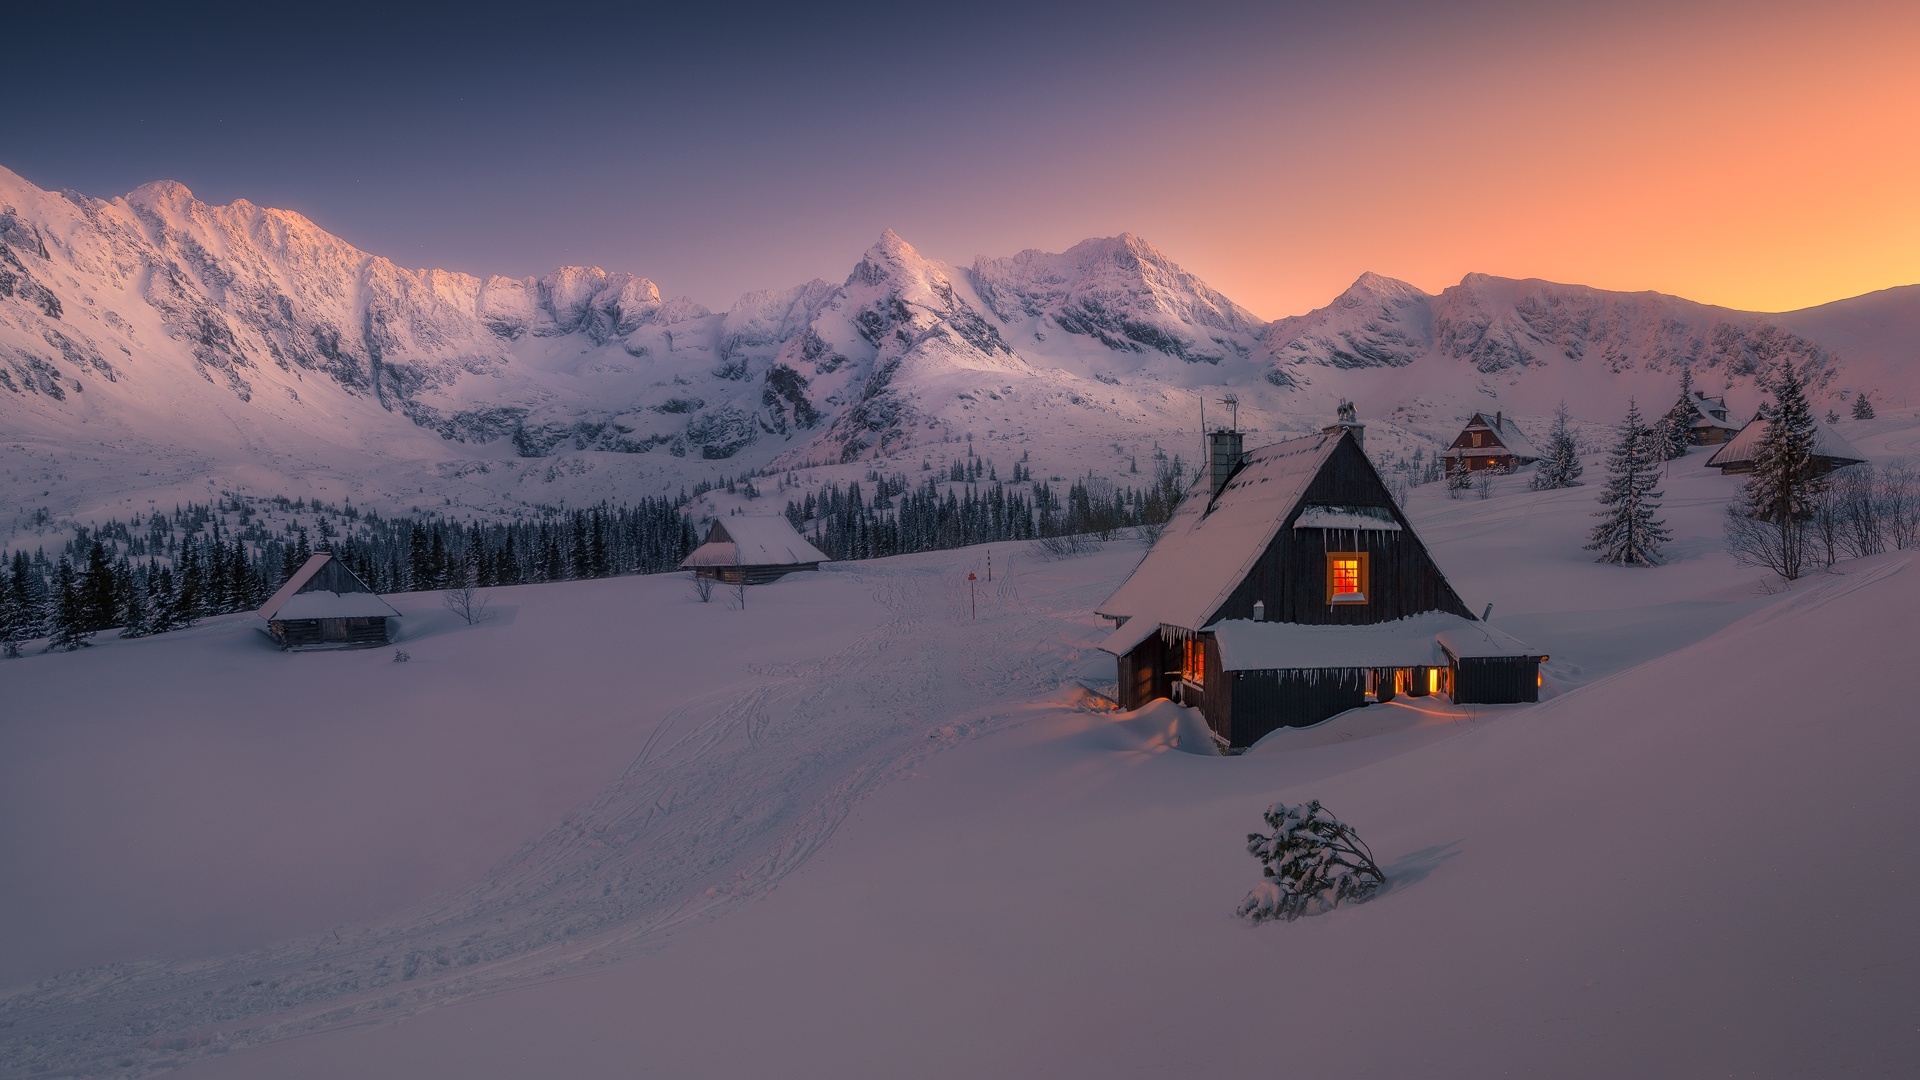 2460x1400 Resolution Evening in Winter Snowy HOuse 2460x1400 Resolution ...
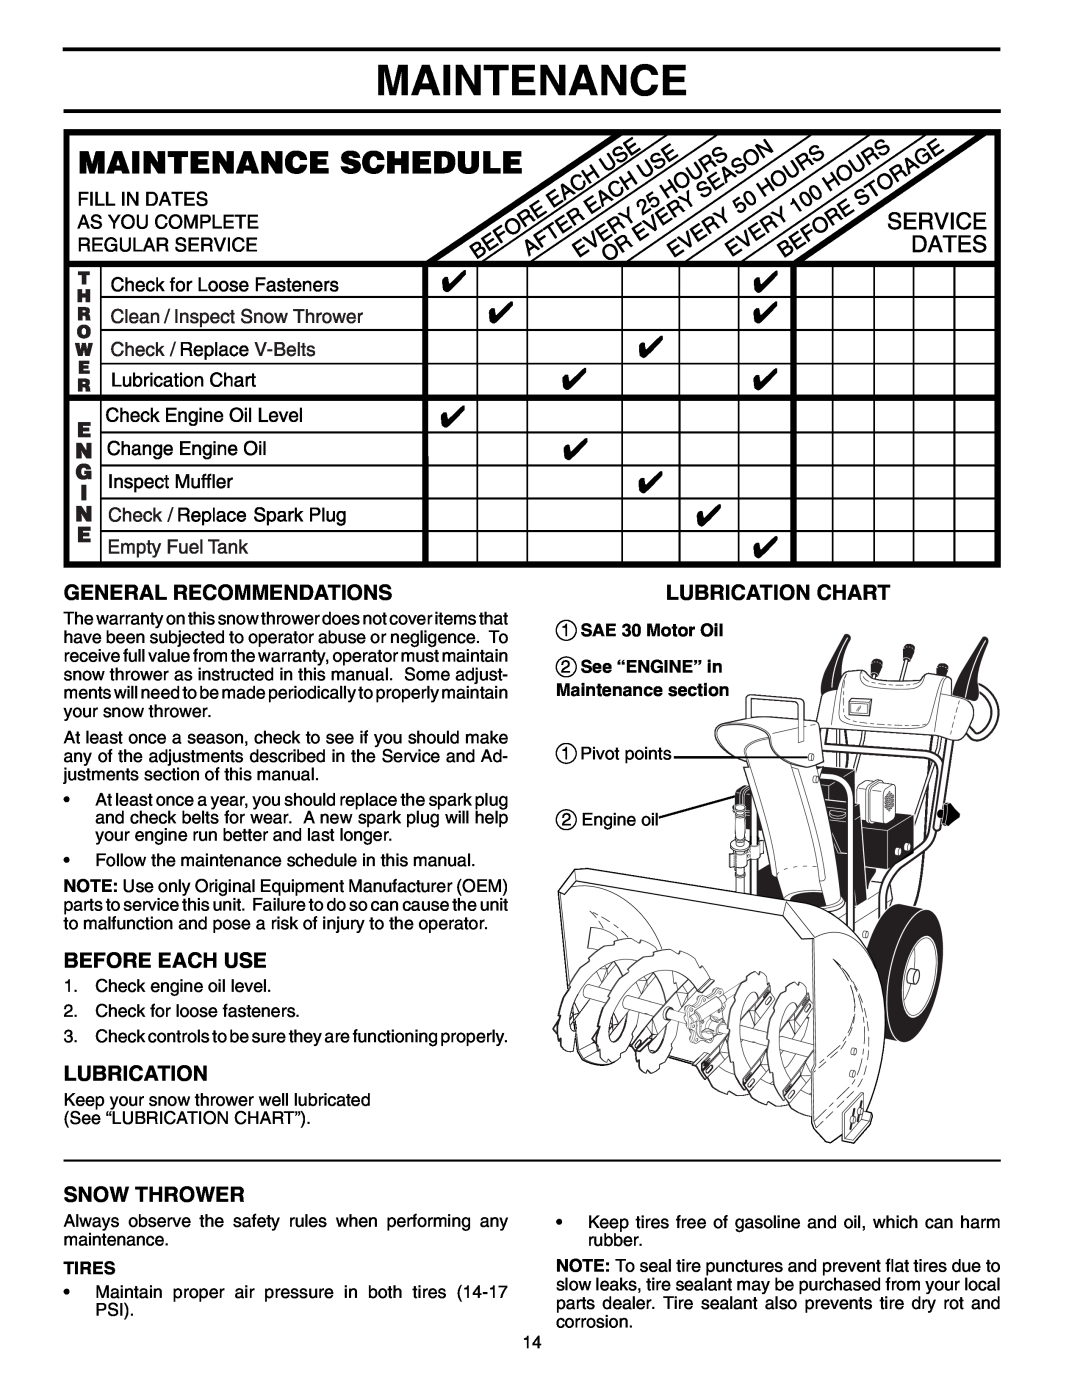 Husqvarna 8527SBEB Maintenance, General Recommendations, Before Each Use, Snow Thrower, Lubrication Chart, Tires 
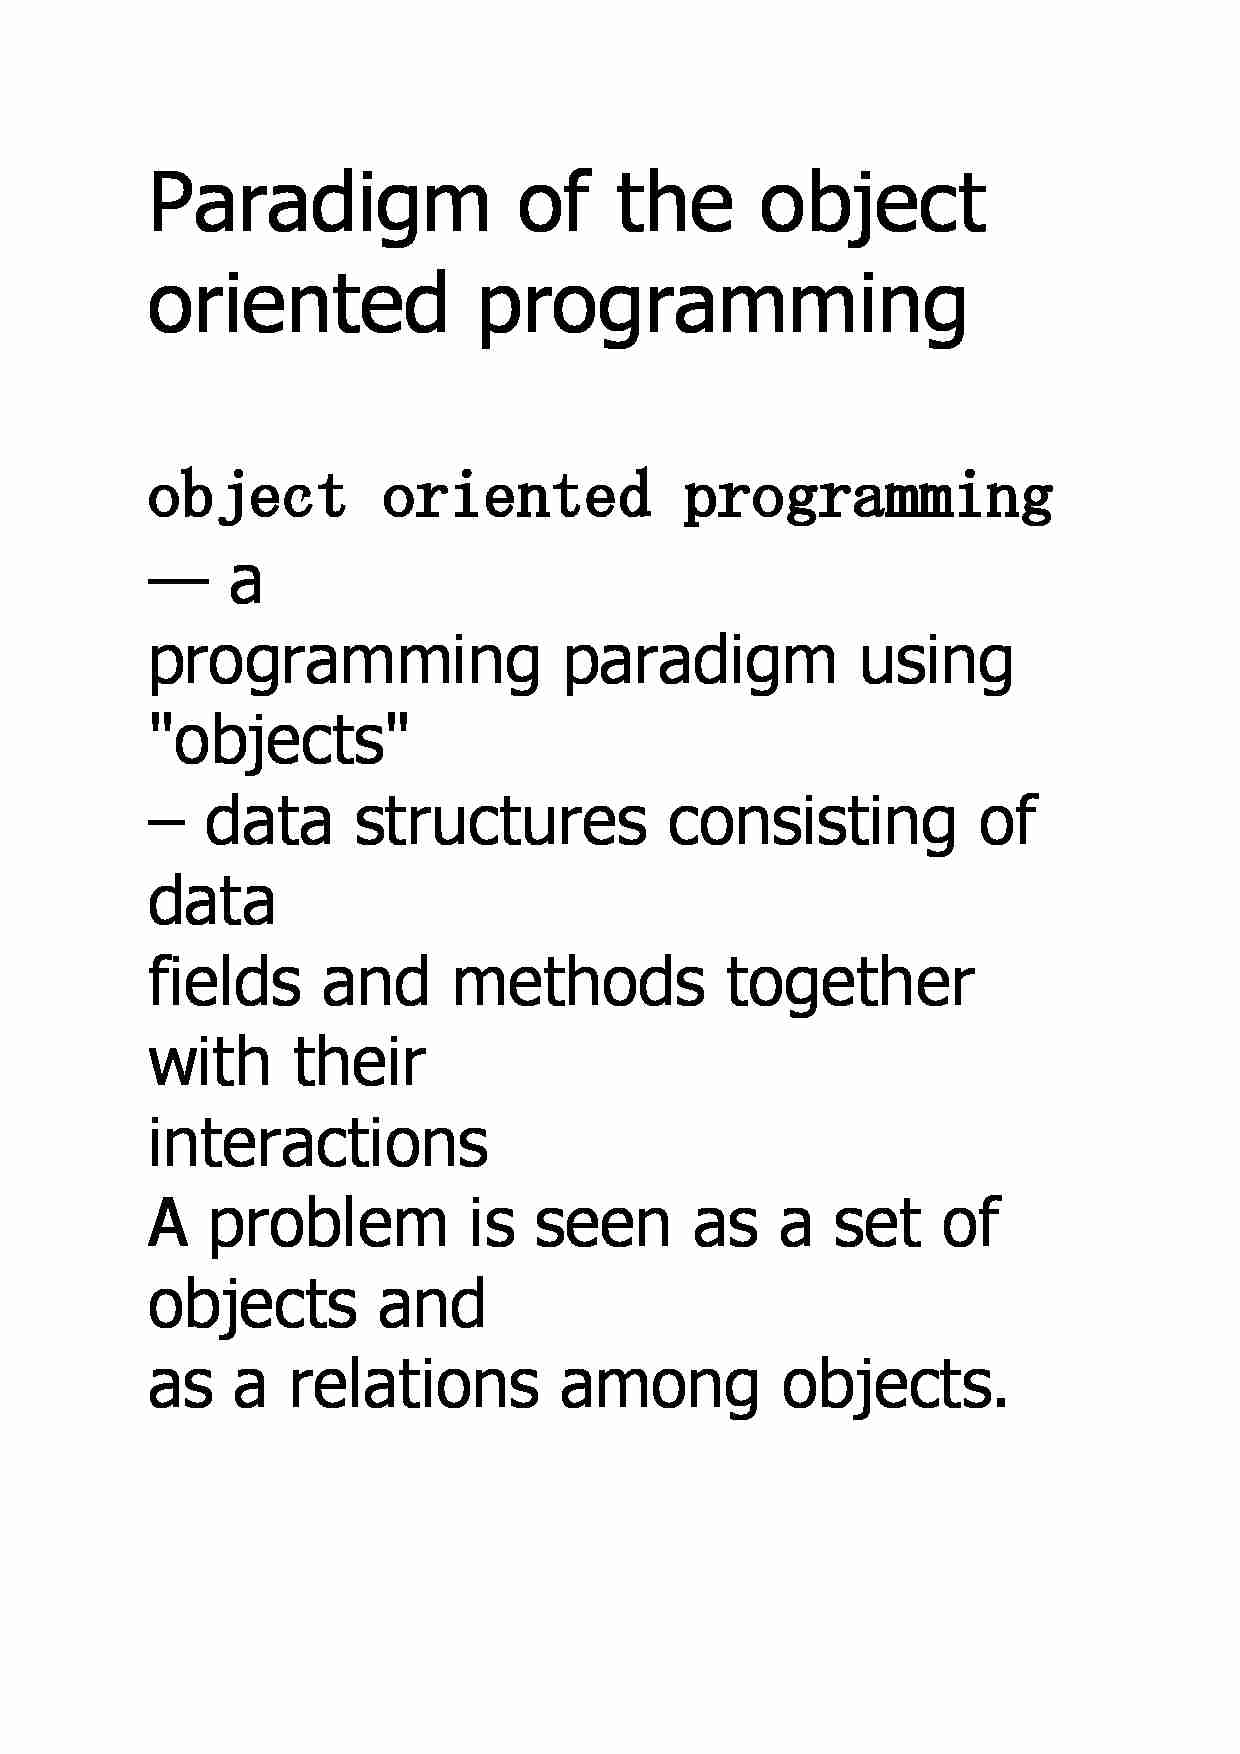 Paradigm of the object oriented programming - strona 1
# # #
TO DO: Counting the line with "Husqvarna 8527SBEB Maintenance, General" and the last line of the data above, transcribe those two lines and every line between them exactly, without the pictures.

EXERCISE RESULT:
 Husqvarna 8527SBEB Maintenance, General Recommendations, Before Each Use, Snow Thrower, Lubrication Chart, Tires 
 Paradigm of the object oriented programming - strona 1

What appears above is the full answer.